--- START ---
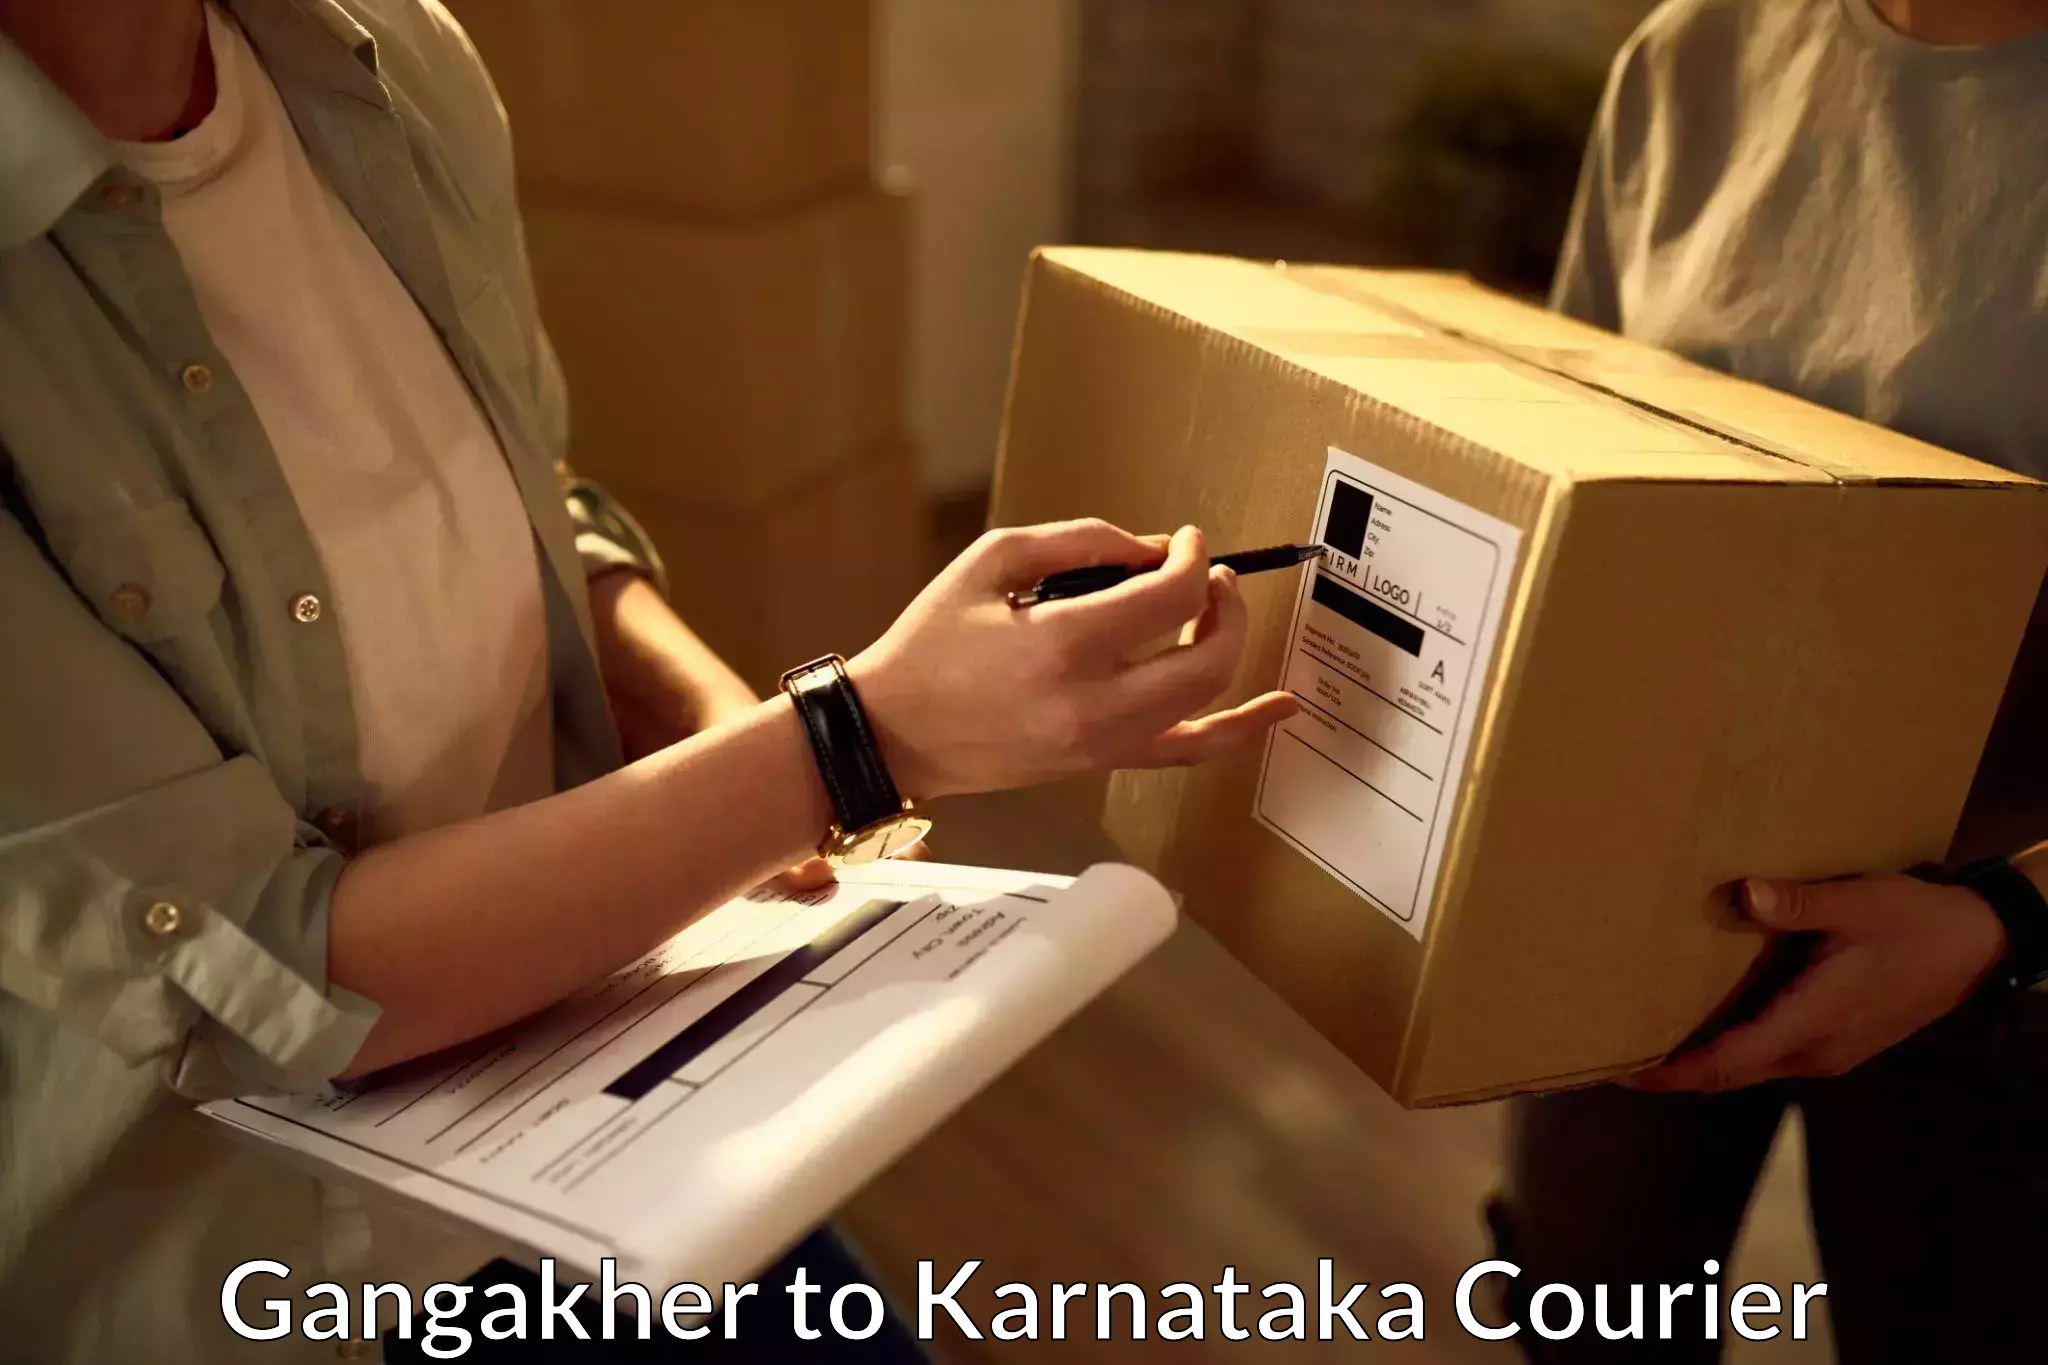 Professional courier handling Gangakher to Nagamangala
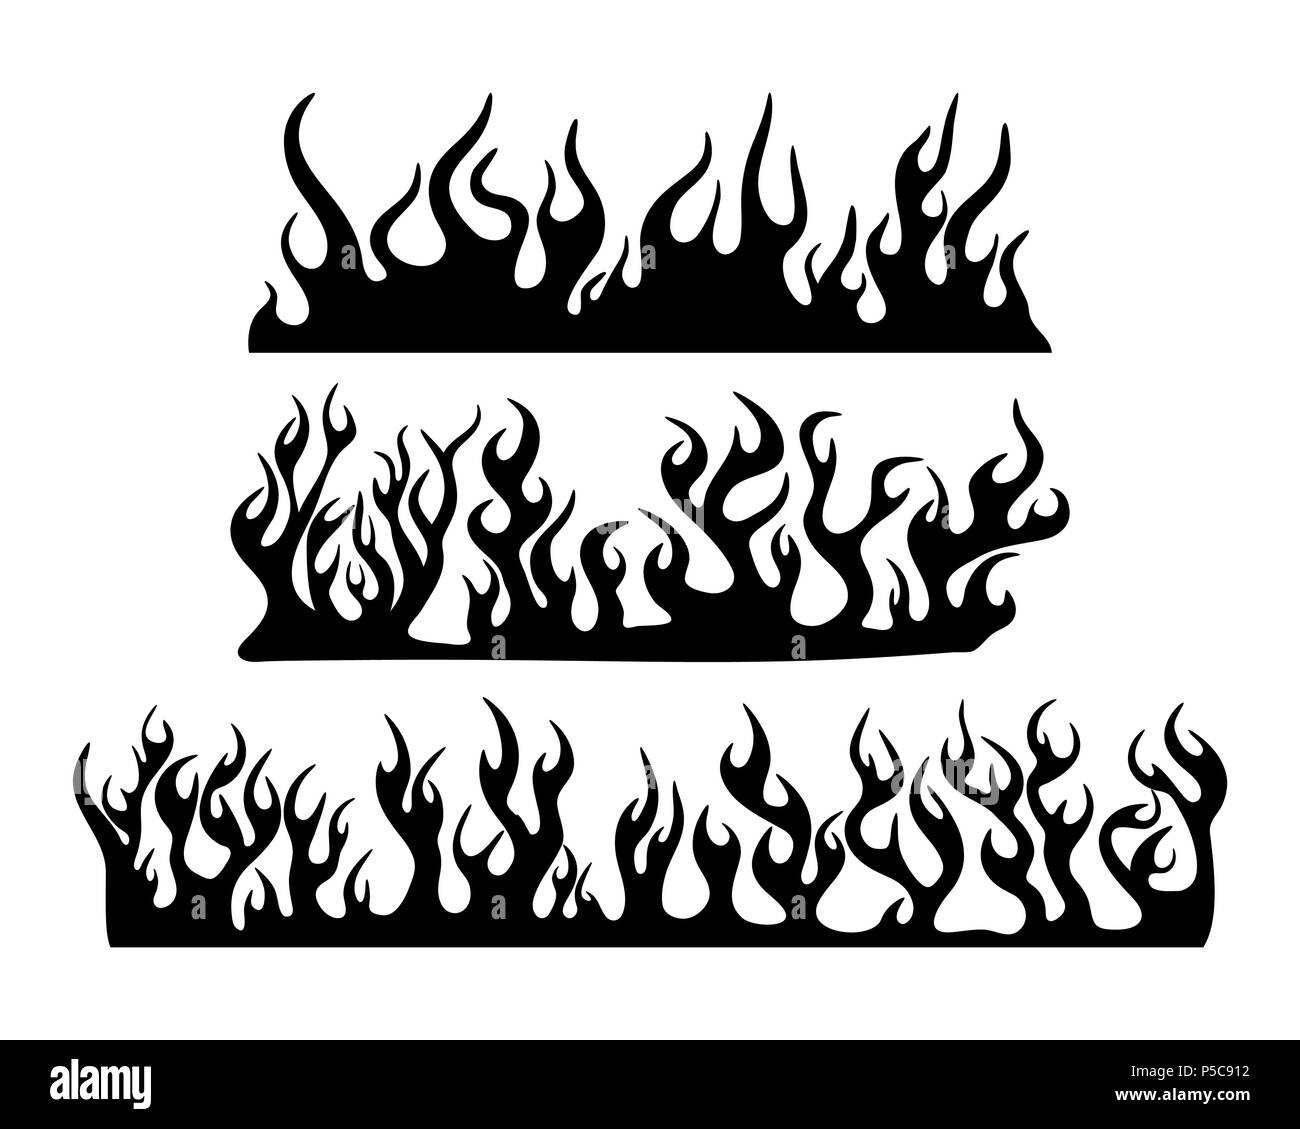 Feu flamme brûlant ensemble silhouette conception horizontale bannière isolated on white Illustration de Vecteur
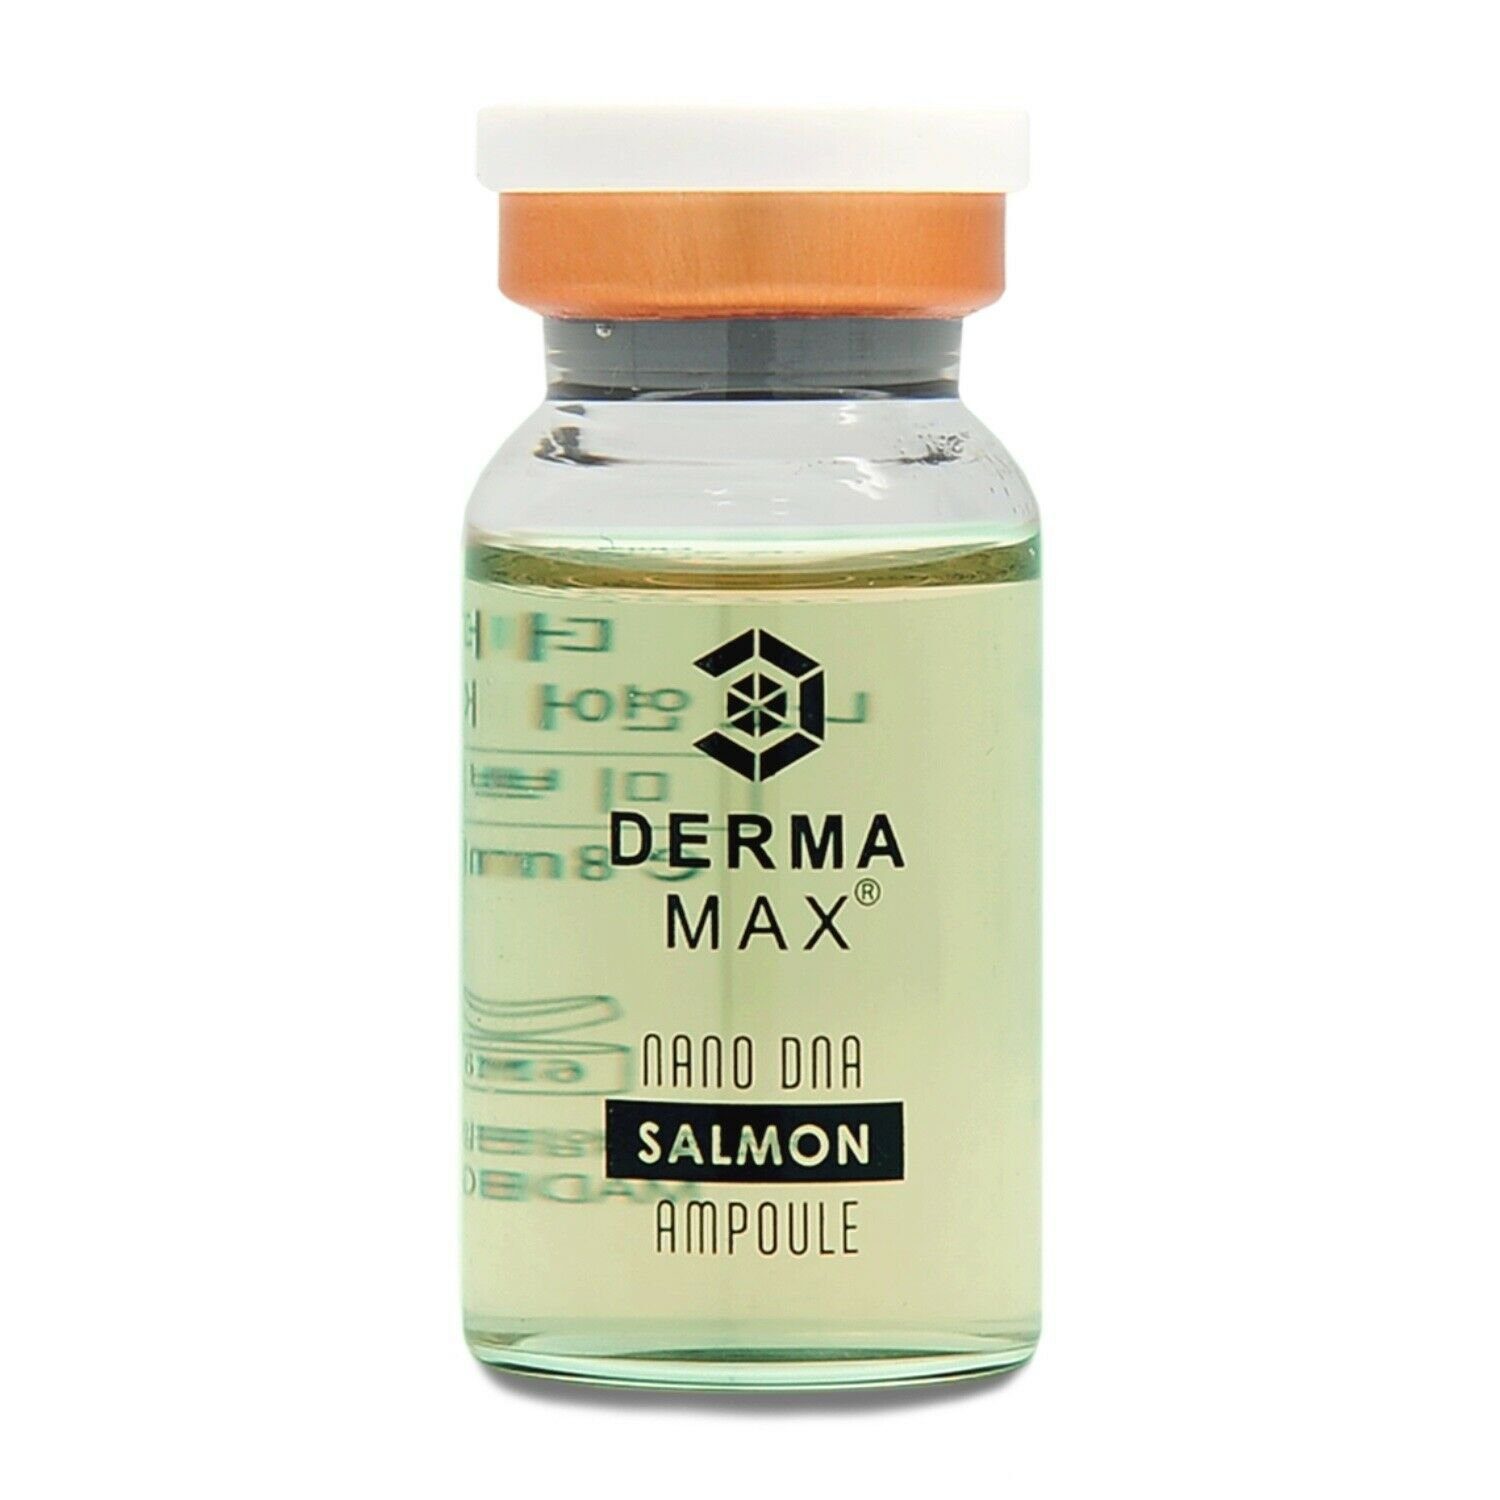 Dermamax Gesichtsserum DERMAMAX Booster Serum Premium Treatment Ampulle Ideal für Microneedling mit Dermaroller, Dermapen oder MTS speziell für Problemhaut SALMON 8ml | Gesichtsseren
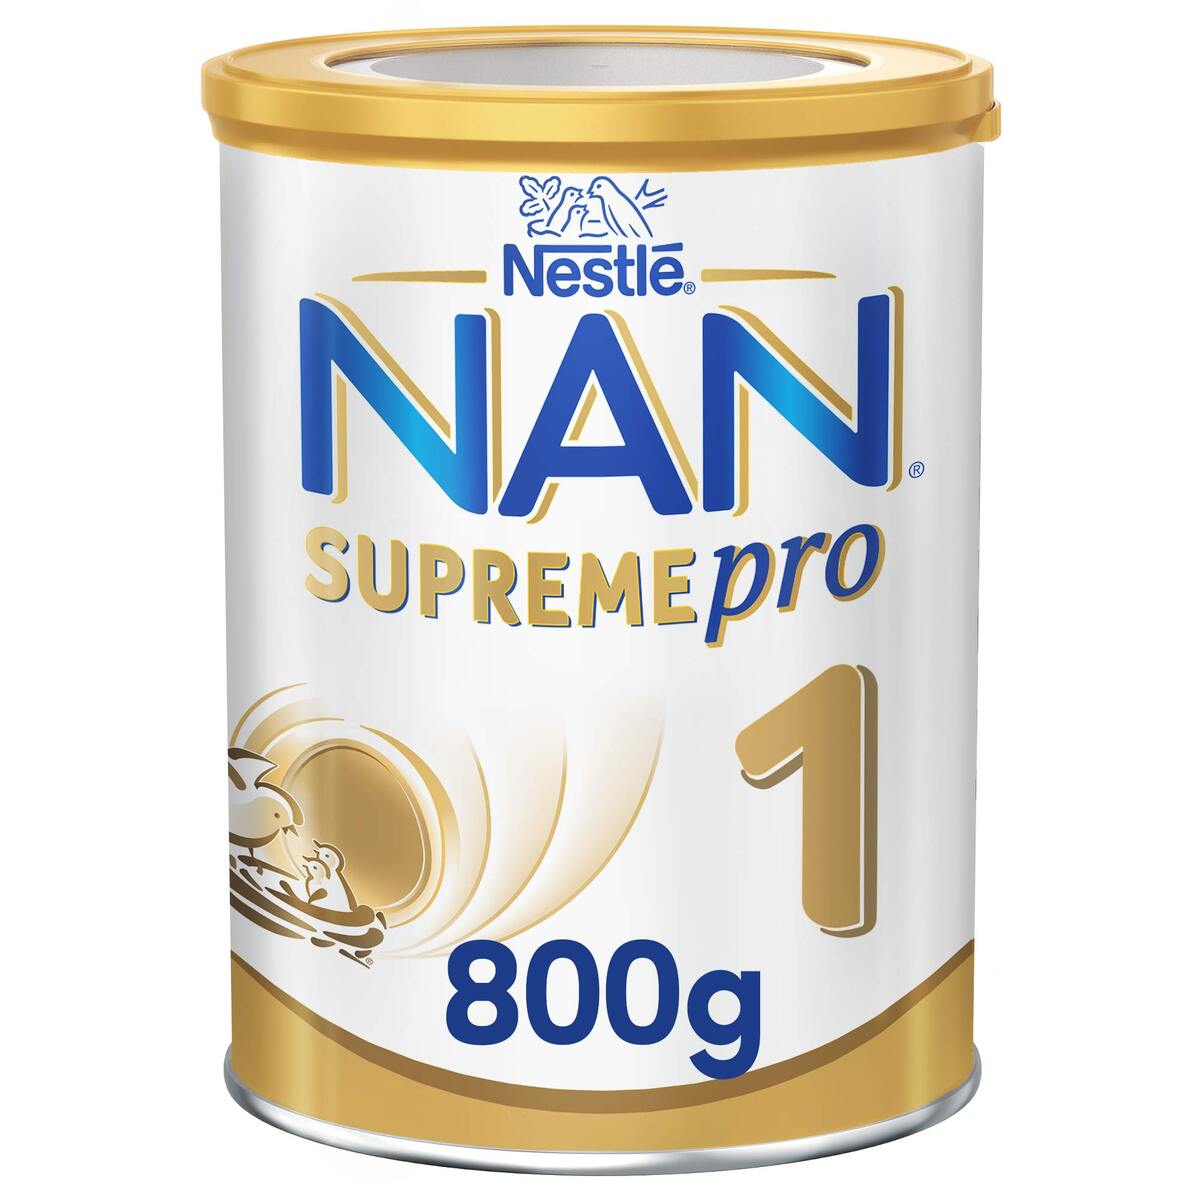 Buy Nestle NAN Optipro 1 Starter Infant Formula Up To 6 Months
--- END ---
■ **The task**
Leave the images out and transcribe the rest of the material exactly.

■ **Response for this exercise**
 Professional courier handling Gangakher to Nagamangala
 Feu flamme brûlant ensemble silhouette conception horizontale bannière isolated on white Illustration de Vecteur
 Dermamax Gesichtsserum DERMAMAX Booster Serum Premium Treatment Ampulle Ideal für Microneedling mit Dermaroller, Dermapen oder MTS speziell für Problemhaut SALMON 8ml | Gesichtsseren
 Buy Nestle NAN Optipro 1 Starter Infant Formula Up To 6 Months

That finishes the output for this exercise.